THE PROBLEM – Each line below from the "Scorpio tattoo design" line through the "Vbs 2018 | Vacation" line, those two included, must be restated word for word; the pictures must not be.

START DATASET EXCERPTS

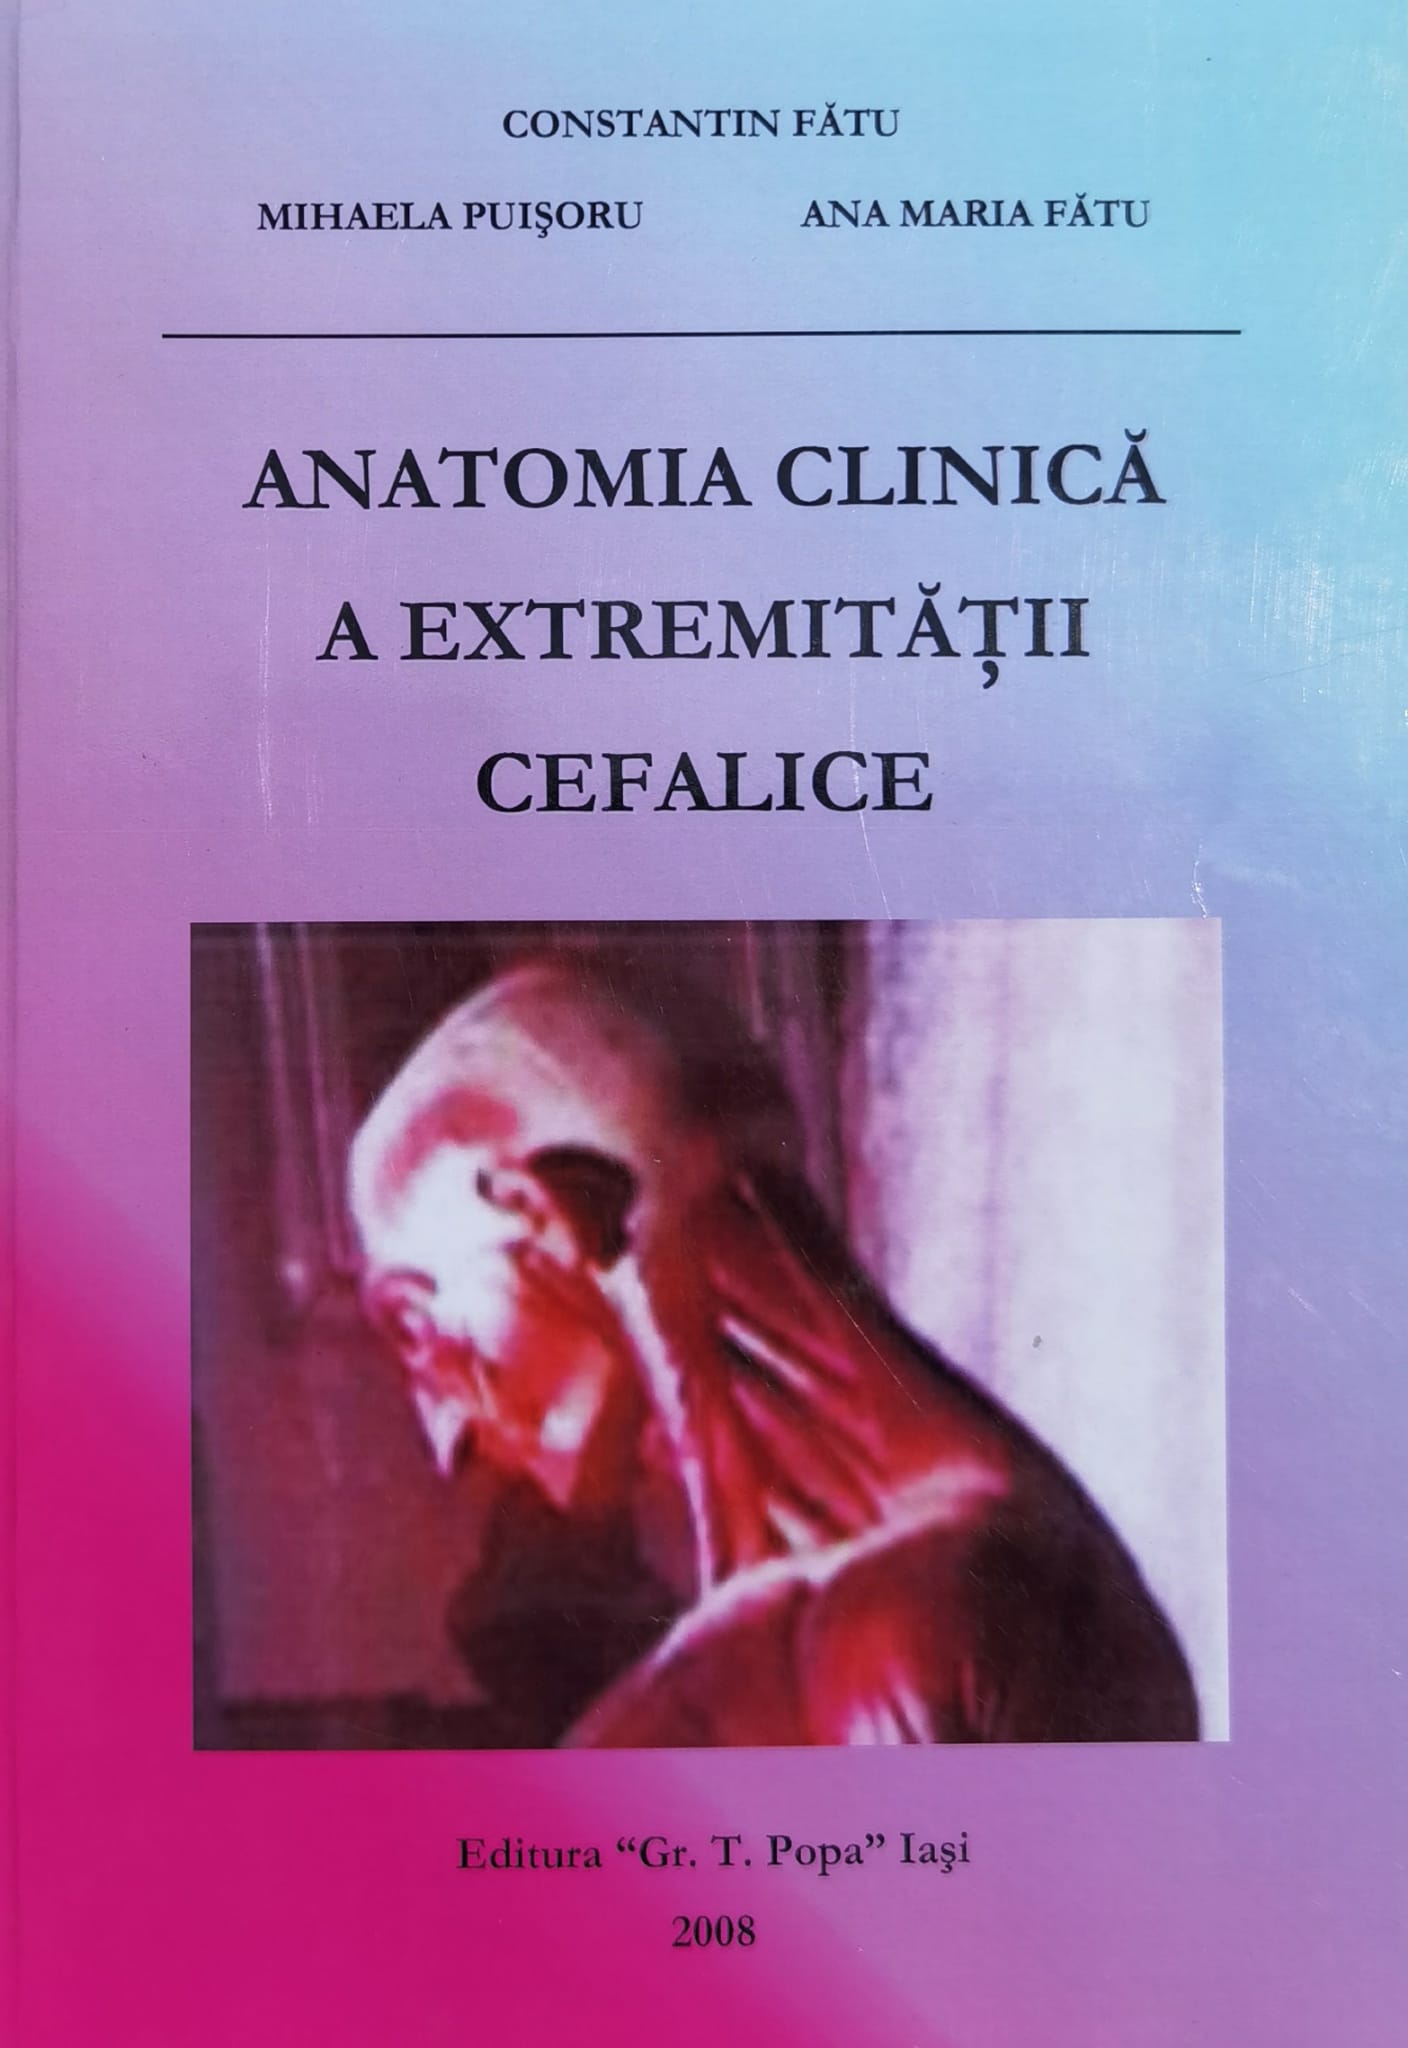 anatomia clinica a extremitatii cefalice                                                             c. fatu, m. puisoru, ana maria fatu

END DATASET EXCERPTS
START DATASET EXCERPTS

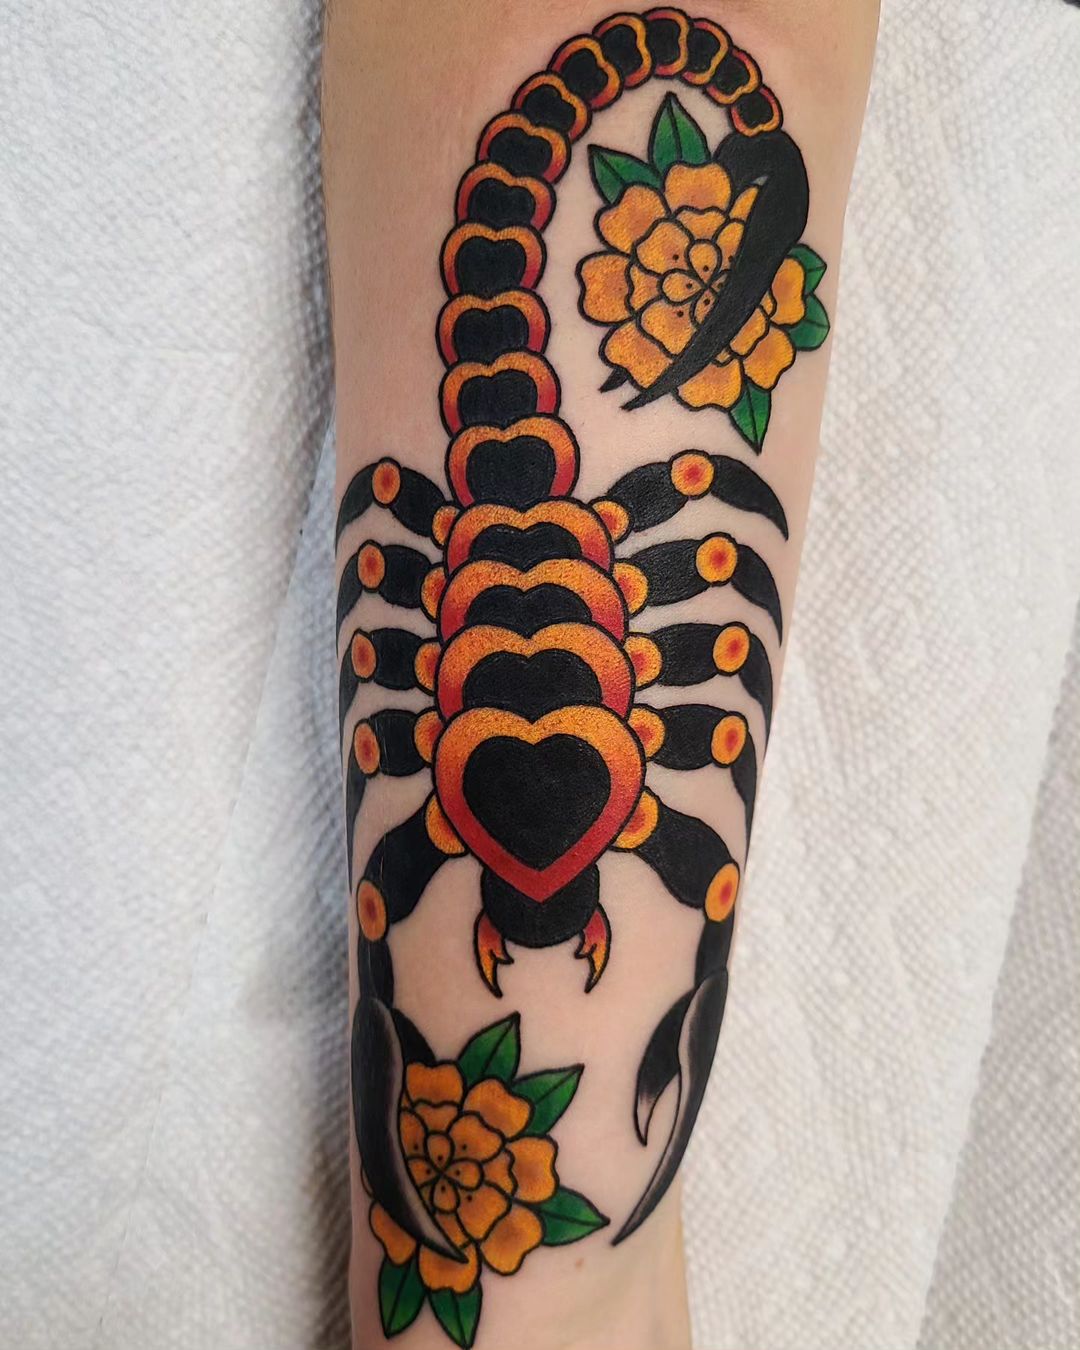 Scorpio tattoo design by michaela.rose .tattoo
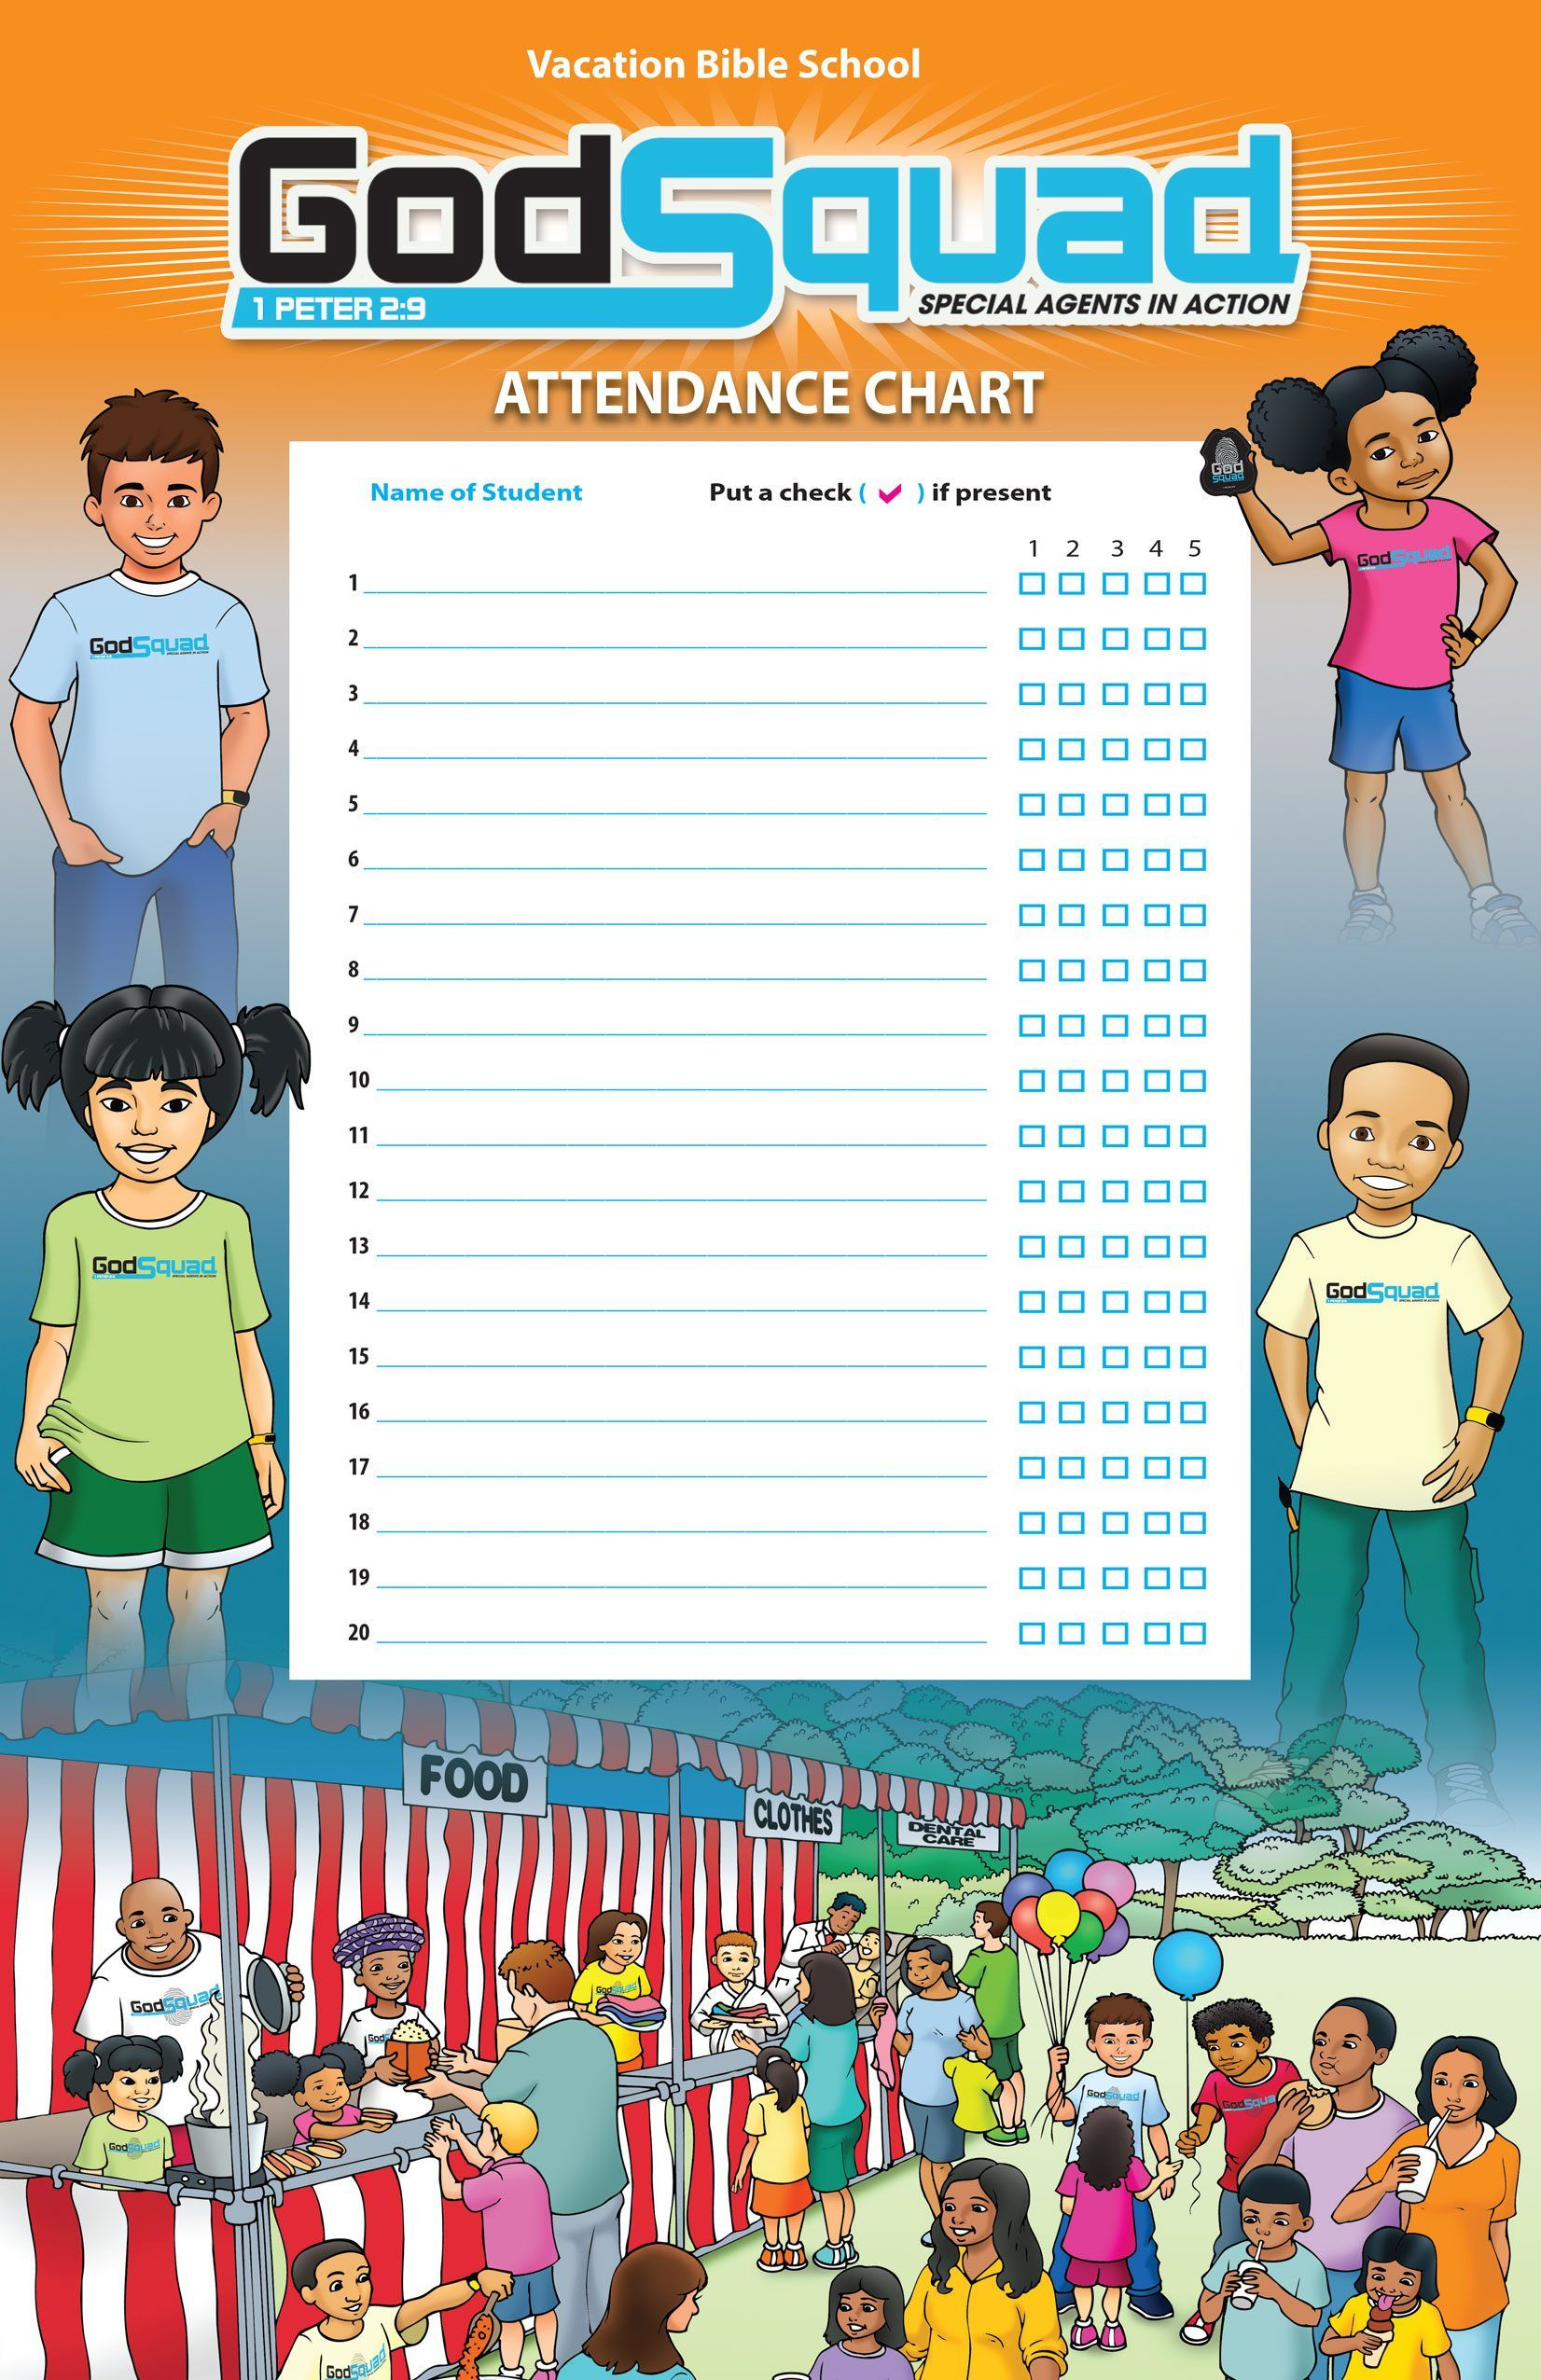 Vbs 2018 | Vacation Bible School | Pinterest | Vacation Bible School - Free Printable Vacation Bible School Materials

END DATASET EXCERPTS

COMPLETED EXERCISE –
 Scorpio tattoo design by michaela.rose .tattoo
 Vbs 2018 | Vacation Bible School | Pinterest | Vacation Bible School - Free Printable Vacation Bible School Materials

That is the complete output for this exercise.